Tuesday, April 22, 2008

Newspaper Routes

It was in the fall of 1963 that I began my first real job. Up until then I'd mown some lawns, raked a few, and shoveled sidewalks when it snowed but basically had no real daily responsibilities. Then my friend Chris DeHart offered me his Woodbury Times newspaper route. On the surface it sounded like a good deal. You delivered the papers daily, collected the weekly subscription fee on Friday or Saturday, had Sunday off and lived like a prince. It turns out there were some minor problems with the economic model.
I believe at the time the Woodbury Times, now the Gloucester County Times, cost five cents an issue. Five cents! I would deliver them to people and my cost would be three cents. Thus netting me a profit of two cents for each paper delivered. Each customer would receive six newspapers a week, so my weekly profit, per customer, would be twelve cents. I had twenty five customers. That meant I stood to make the princely sum of three dollars per week. For this three dollars I would drive my bicycle around my neighborhood for perhaps forty five minutes a day, tossing newspapers onto porches or sliding them through mail slots or whatever particular quirk a customer might have for accepting the paper. This meant I was working...around four and half hours a week to make three dollars. This puts my hourly rate at about $.60 cents per hour. This was a lot of dough.
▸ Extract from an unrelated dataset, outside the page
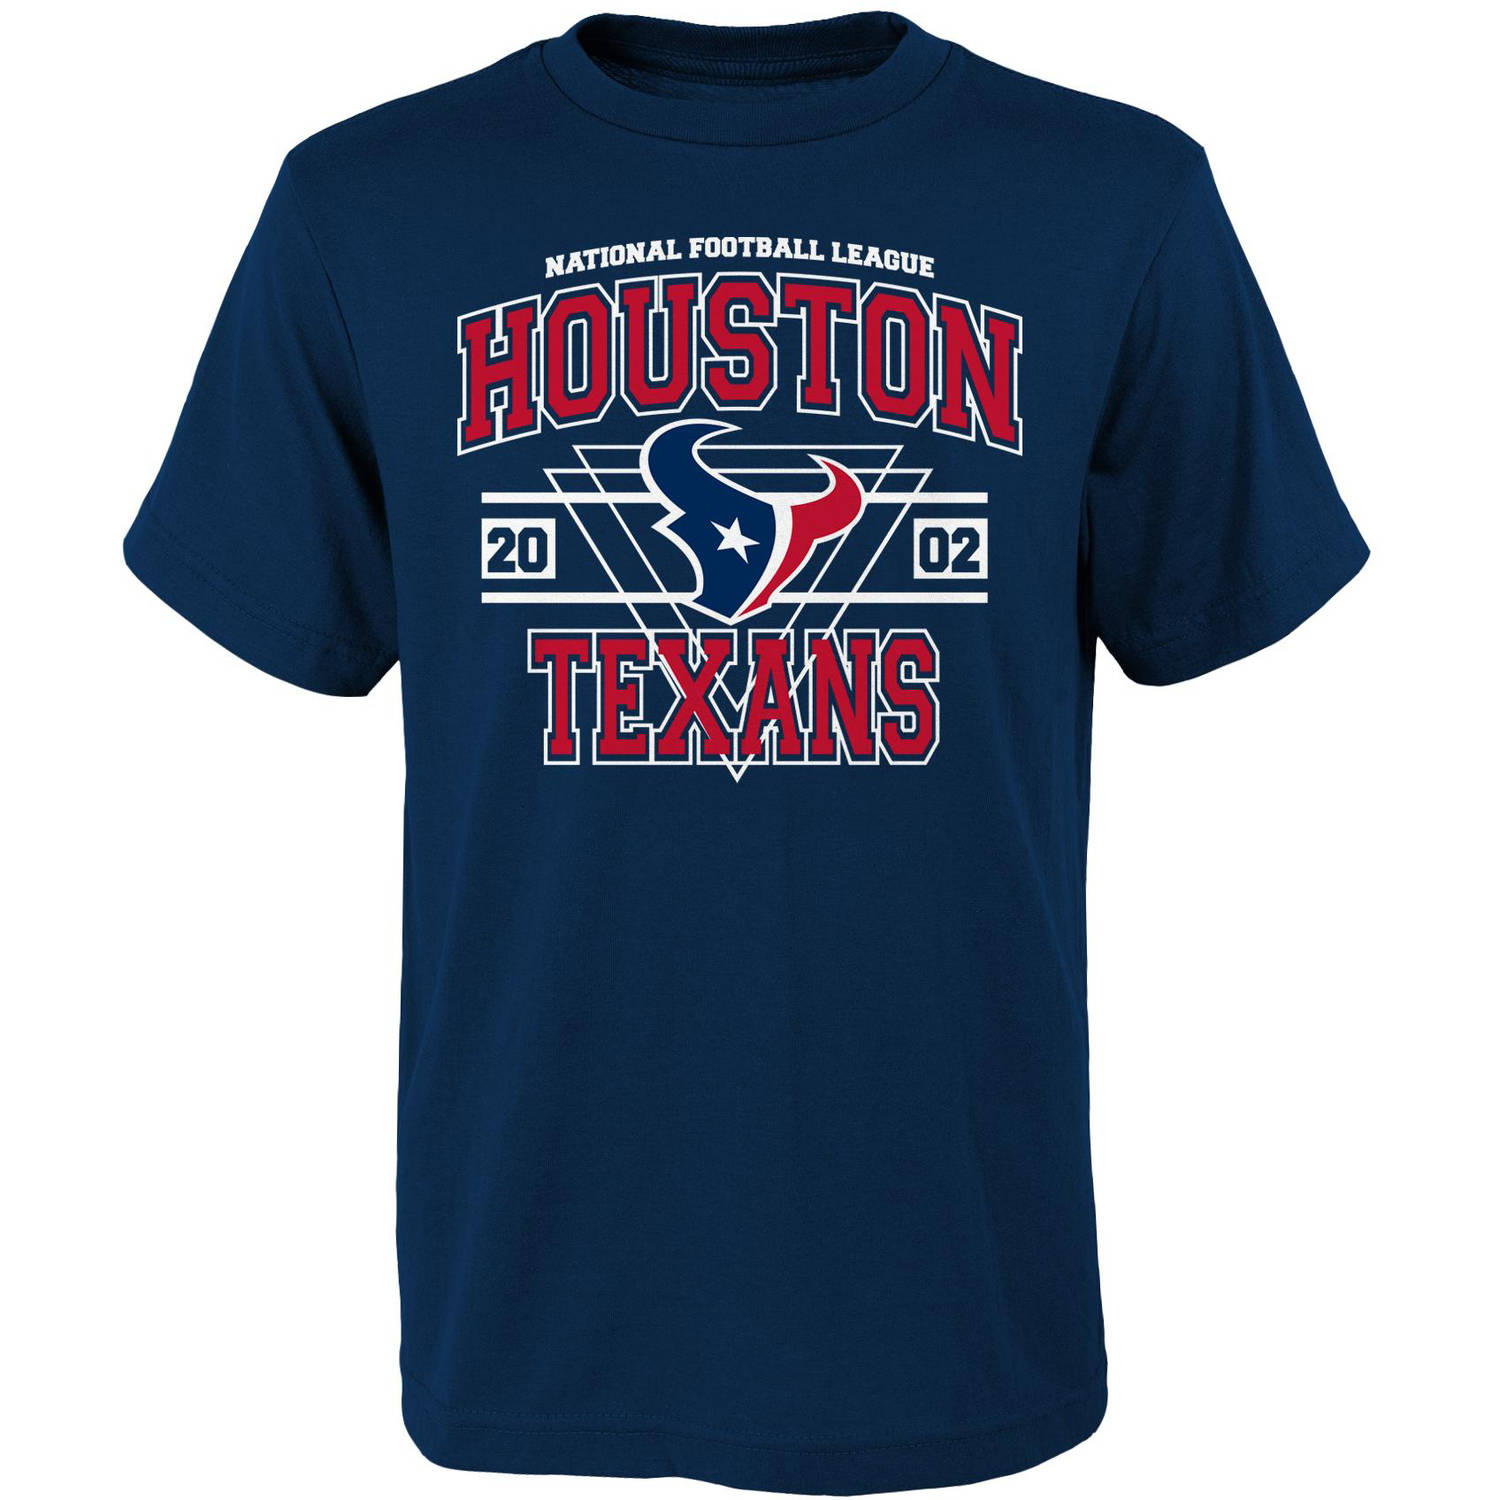 NFL Boys' Houston Texans Short Sleeve Team Tee - image 1 of 1

I think. I mean my allowance was twenty five cents for Christ's sake! But it turns out there were some negatives.
Number one was people didn't pay you. I'm talking grown up, mature men and women stiffing some little twelve year old kid for the vast sum of thirty cents. But you still had to pay the man. That's what the guy from the newspaper was called. The man. He would come by every Saturday and collect your three cents per paper. You had to have that money no matter what. This created numerous problems. Like, number one, what do you do if significant numbers of people don't pay? Or what happens if you're a lazy nincompoop who doesn't really make a sincere effort to collect the money because you're scared to ask grown ups for money? Or, just for the sake of argument, suppose you don't exactly deliver the papers in the orderly, on time fashion your customers expect? And then they say, "I'm not paying for that paper, I never got it!". This could lead to serious cash flow issues. Your vast three dollar profit could end being at most seventy five cents or less. And this for hours of hard works! Or, to be honest, less than committed, hard work. Actually, kind of lazy half hearted rolling around the neighborhood on your bicycle daydreaming and not doing a very good job kind of work. That would probably accurately characterize my work ethic at twelve. Non-existent. To be very honest I'd fire my ass if I worked for me now. i sucked. I was unmotivated, lazy, bored, and lost in a world of fantasy. Delivering the news of the day in a timely fashion was the very last thing on my mind. Collecting funds from surly, angry old people was definitely not something I wanted to do.
I lasted three months or so. I was an abject failure and happy to turn in my bag and go back to playing football and running in the woods. I would try this money making approach again, more on that in the years to come, but I should have looked closer at the business model, the employee profile, etc. I was doomed from the start.
Some boys are born newspaper delivery boys. Others were made to daydream about repelling Russian hordes. I think I fit in the latter category.

2 comments:

Jim Maddox said...

I never had my own paper route. I did substitute for a few kids, so I did deliver the Woodbury Times and the Philadelphia Bulletin. I had heard the other kids talk about how difficult it was to collect from their customers, and I didn't want all that hassle. It was more fun to fight Nazi ME-109s and Russian Migs on your bike anyway.

Bob Thomas said...

Jack,

That was the problem with an afternoon route - there were so many other things to divert you from the task. A morning newspaper route was - get up - bundle up for the weather - fold the papers and hustle through the route in time to have some breakfast, take a shower and get dressed for school - if things went well I would lay in my bed for a 10 or 15 minute nap after my shower before getting my school clothes on.

Besides almost freezing some winter mornings I also got to see bunches of nice sunrises.

Collecting could be a hassle, but the good paying people overshadowed the bad paying ones. I certainly would've wanted to try it in parts of Camden. Tips around Christmas amounted to about 1/4 of the income from the route for the whole year.